# Opening the Floodgates of Employment



## MrKowz (Apr 27, 2011)

Finally, my persistance and perseverance are paying off in seeking new employment. For the past month or two, I have been scouring the careers sections (and Monster.Com) of local businesses, applying for EVERY job I might be remotely qualified for (mainly Business Analyst, Financial Analyst, Pricing Analyst, * Analyst, etc...), even though I lack either x-years of experience or I might not meet each of their requirements. I have been putting in roughly 10 applications a week, keeping track of where, when, and what I apply for. After a few weeks of doing this and not getting a single call back (or seeing that my application was declined outright), instead of getting bummed and complaining, I kept pushing through... and things are finally turning around.

In the last week, I have had two separate (very high-profile) companies contact me for an interview; and I am expecting a third company to get back with me within the next week. It's as if a tiny opening appeared on the job-front, and that opening ended up exploding into more and more.

The reason I am posting this bit of story here is because I owe a significant amount of thanks and gratitude to every member (far too many to name) on these forums who have helped me throughout the years. My knowledge of Excel would be nowhere near what it currently is without the help, examples, explanations, and corrections of the members of this forum. This Excel knowledge has made me significantly more marketable to the business world, especially since I have utilized the knowledge in my current position to build a centralized process for Pension Analysis.

Regardless of what happens with my employment situation, I fully intend on continuing to help and support these forums, as well as continue to learn the Excel profession to the extent of my abilities.

Wish me luck! I'll defeinitely keep everyone posted on where I end up!


----------



## RoryA (Apr 27, 2011)

Good luck!
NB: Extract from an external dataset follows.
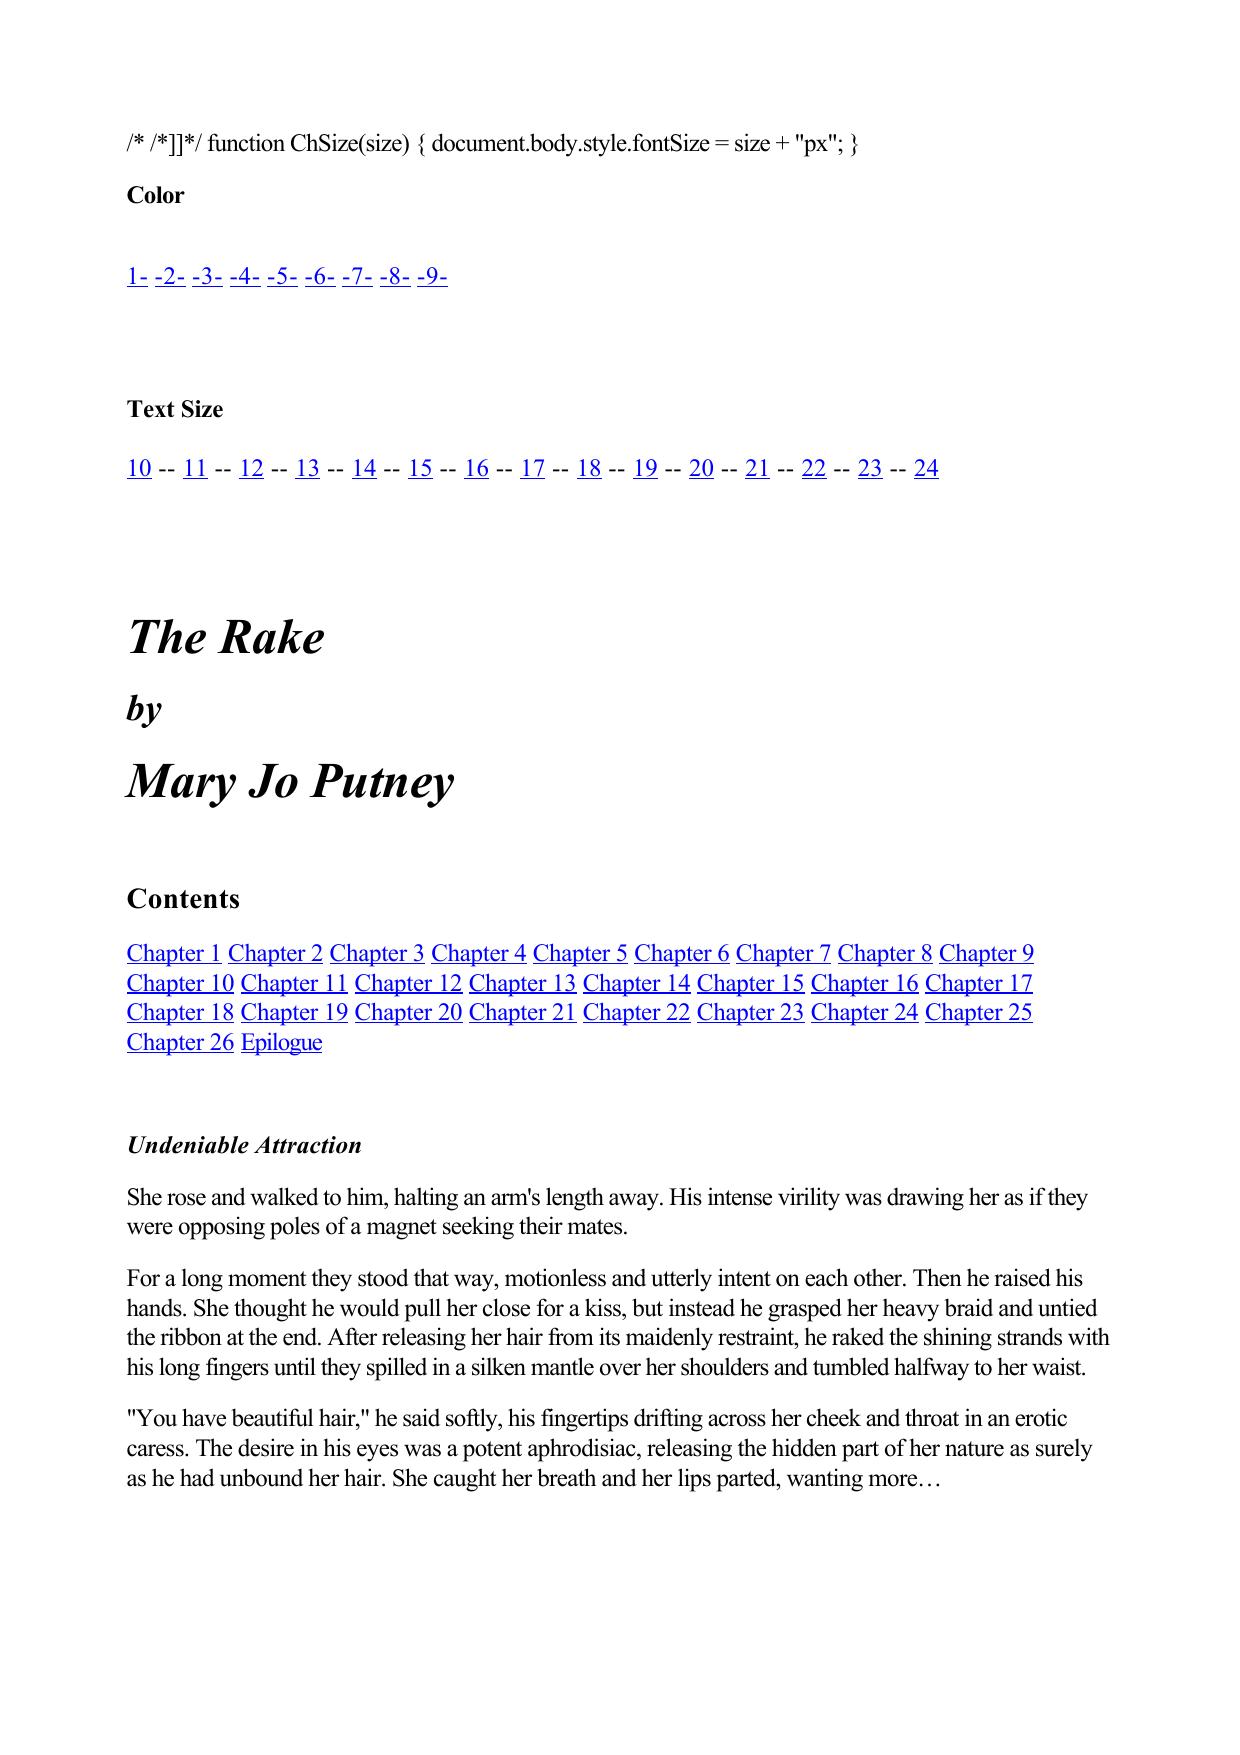 The Rake by Putney Mary Jo

I assume our cheques are in the post, as is the custom.


----------



## Richard Schollar (Apr 27, 2011)

Good luck Keith!  We also take Paypal


----------



## Akashwani (Apr 27, 2011)

Hi Keith,

Good luck, I hope everything works out for you and that you will enjoy whichever job comes your way.
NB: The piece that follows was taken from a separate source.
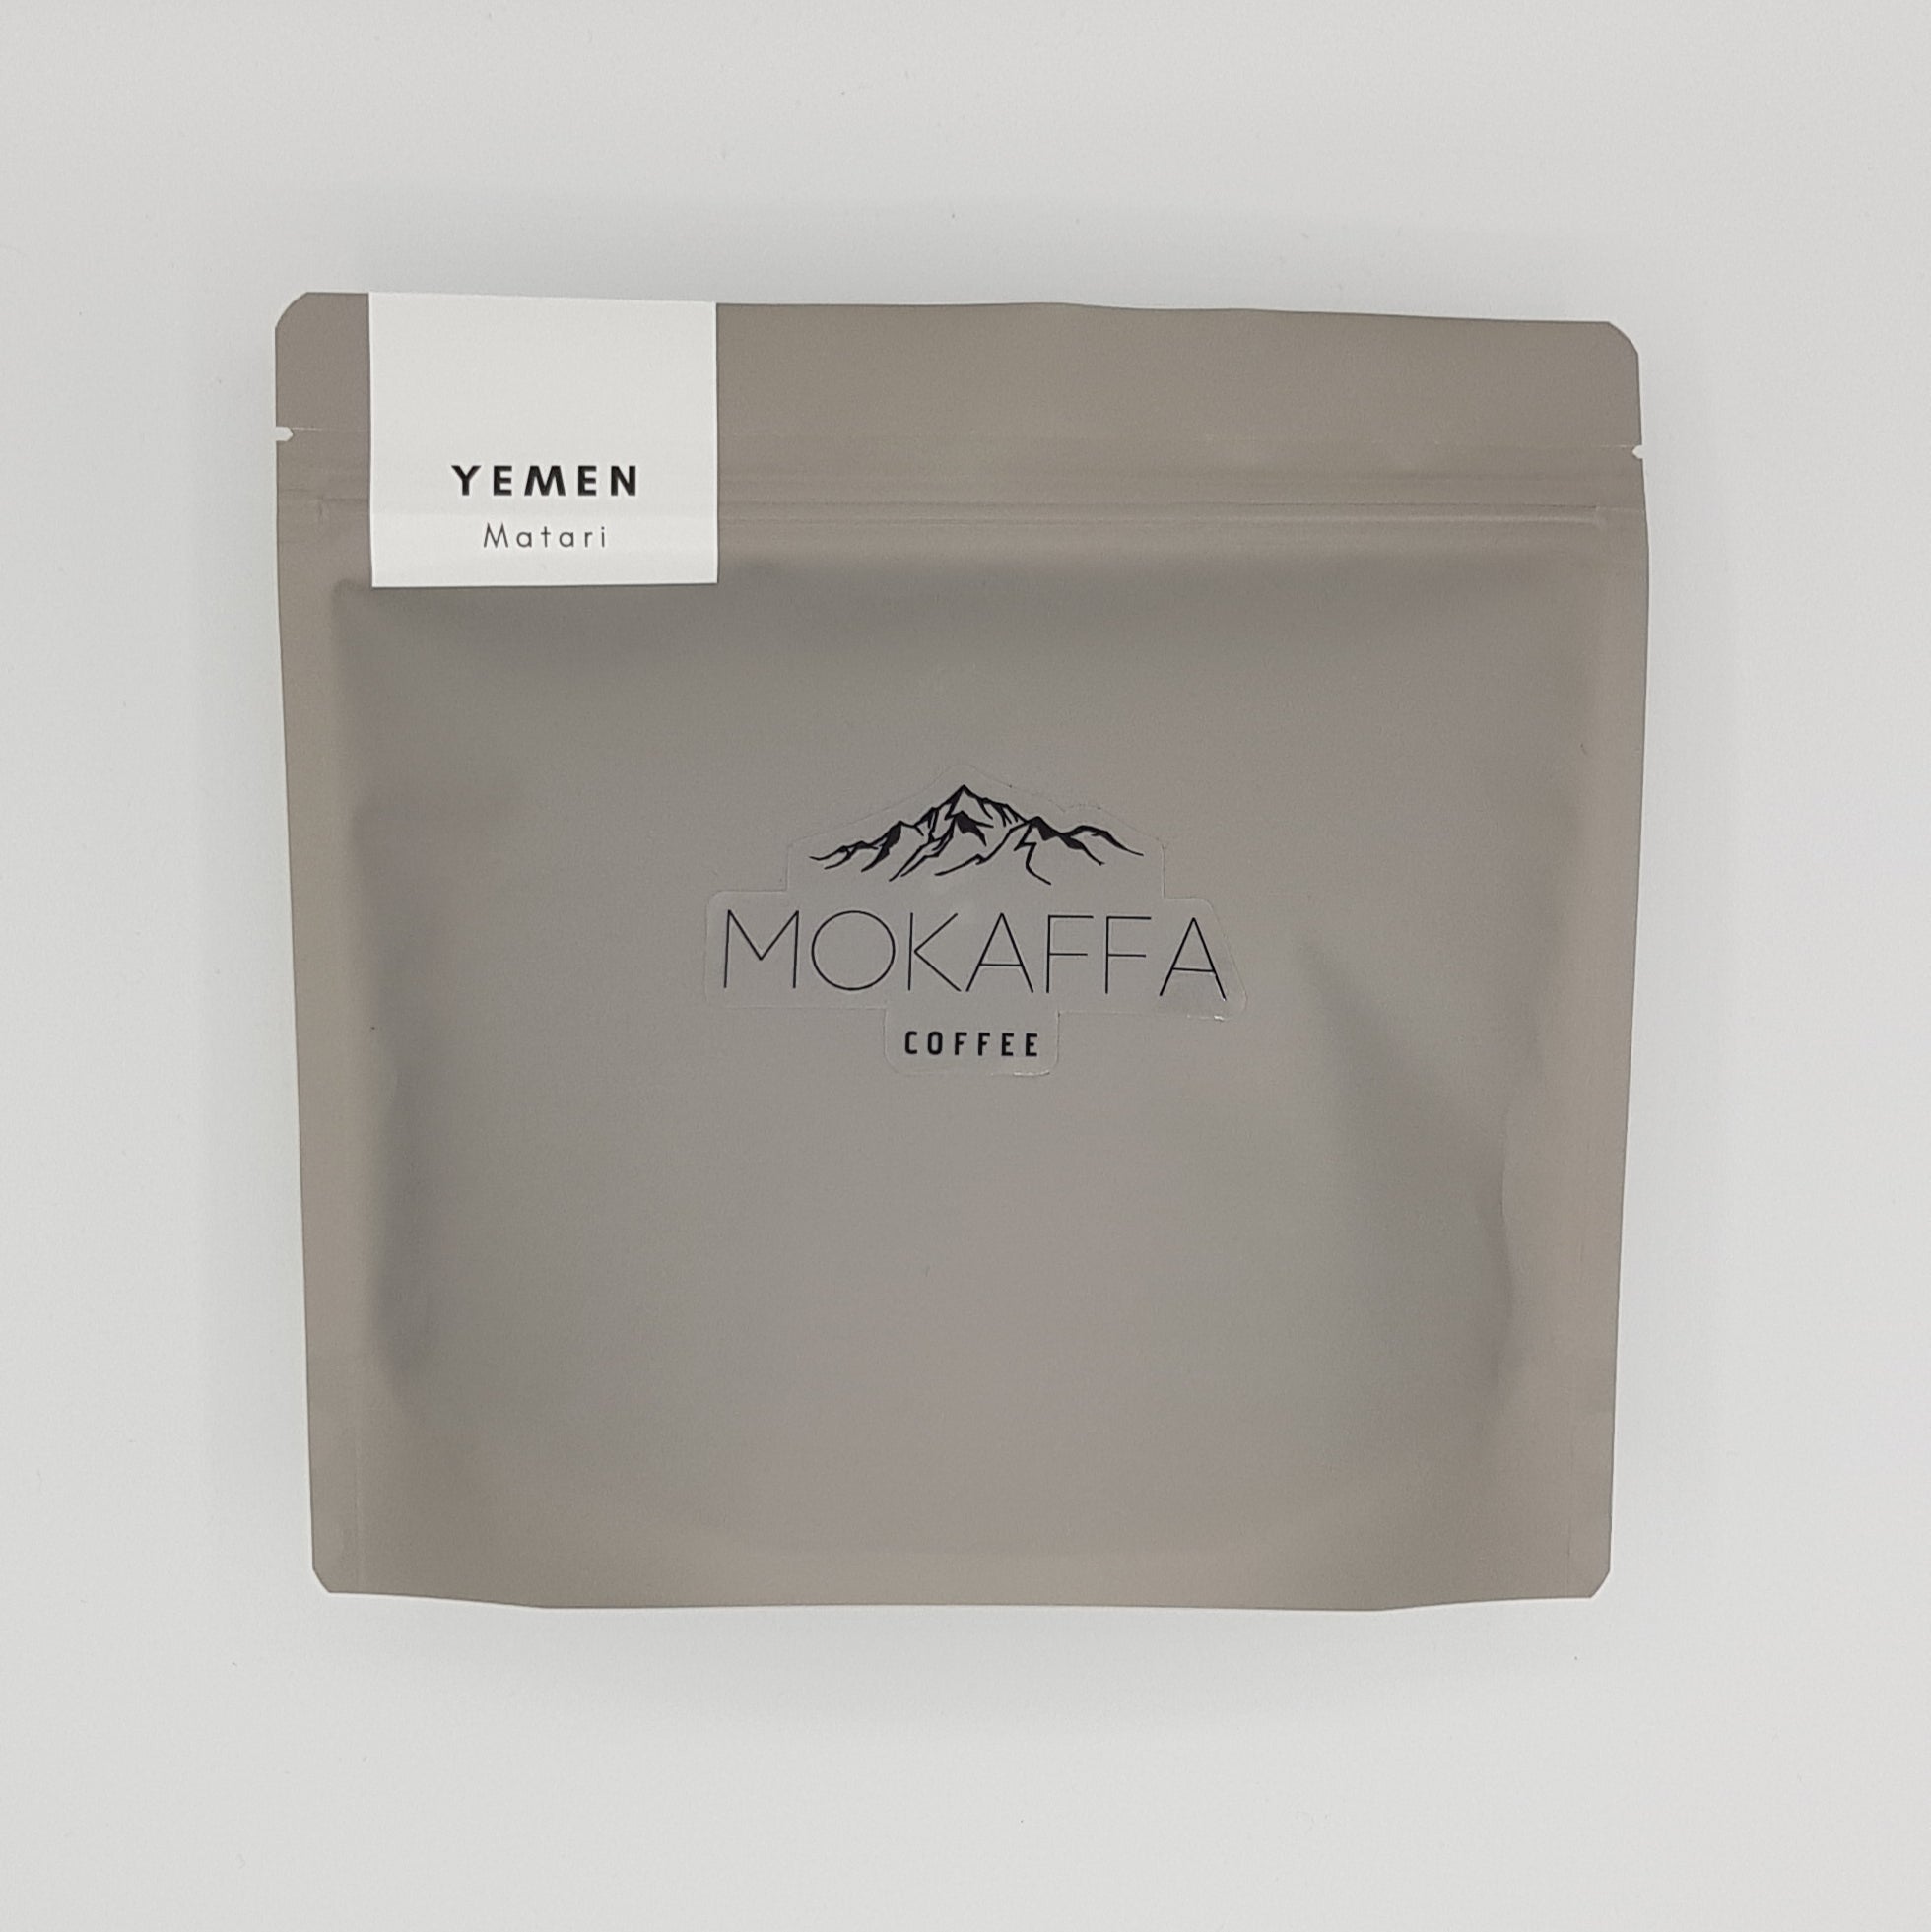 Mokaffa Coffee - Yemeni Matari Coffee

It would be interesting to know how many people this forum has helped to gain a pay rise (me  ) or to get a job.

Ak


----------



## Michael M (Apr 27, 2011)

Cheers MrKowz.....it all comes to those who wait.....and persevere.
Only recently I won an upgrade in my org and I agree, without the expertise, and help from this forum, I dare say this wouldn't have happened.
AND yes.....I'll send cash to all responsible.....is Fax OK ??


----------



## Peter_SSs (Apr 28, 2011)

Michael M said:


> .....is Fax OK ??


Yes, fax credit card details.


----------



## RoryA (Apr 28, 2011)

If you have a playstation, we've already got your card details.


----------



## Peter_SSs (Apr 28, 2011)

rorya said:


> If you have a playstation, we've already got your card details.


 Very topical.


----------



## JamesW (Apr 28, 2011)

Good luck mate!  Let me know if they have any UK based partner companies who are looking for people :P


----------



## MrKowz (Apr 28, 2011)

Thanks everyone!


----------



## Cbrine (May 2, 2011)

rorya said:


> If you have a playstation, we've already got your card details.



That was you Rory?  ****...don't use mine OK.


ps-Expect an FBI agent to show up at your door in the next few day


----------



## SuperFerret (May 3, 2011)

Good Luck! I hope you get your dream job!


----------



## MrKowz (May 6, 2011)

Update - I GOT THE JOB! 

I know I would not have been able to get this without my knowledge of Excel that I have developed through these forums. I cannot thank everyone enough for every single bit of help I've received. I hope I'll still have time to get on these forums and help whenever possible!


----------



## Jude24 (May 6, 2011)

Good Luck MrKowz...

The forum is a great place and I'm certain that your knowledge of it will withstand any form of Job application...


----------



## VoG (May 6, 2011)

Well done 

I assume that the cheques are in the post


----------



## Richard Schollar (May 6, 2011)

We'll drink a few beers (and gins and ciders) to your good health Keith at the next London session of the MrExcel user group (and send you the bill, obviously)


----------



## Smitty (May 6, 2011)

Congratulations Keith!

For anyone looking for a job or even an upgrade, I'd suggest a book called "What color is your parachute".  It's pretty campy, but it brings up ways to get jobs that most people don't think about.  It also talks about the things that generally won't work, that 9 of 10 job seekers persist in doing.


----------



## Colin Legg (May 6, 2011)

Congratulations and good luck with your new job!


----------



## Akashwani (May 7, 2011)

Congratulations Keith and well done, feels good doesn't it?
Hopefully you wont be working too hard and still have plenty of time to help the Excel blind like myself.

All the best



Ak


----------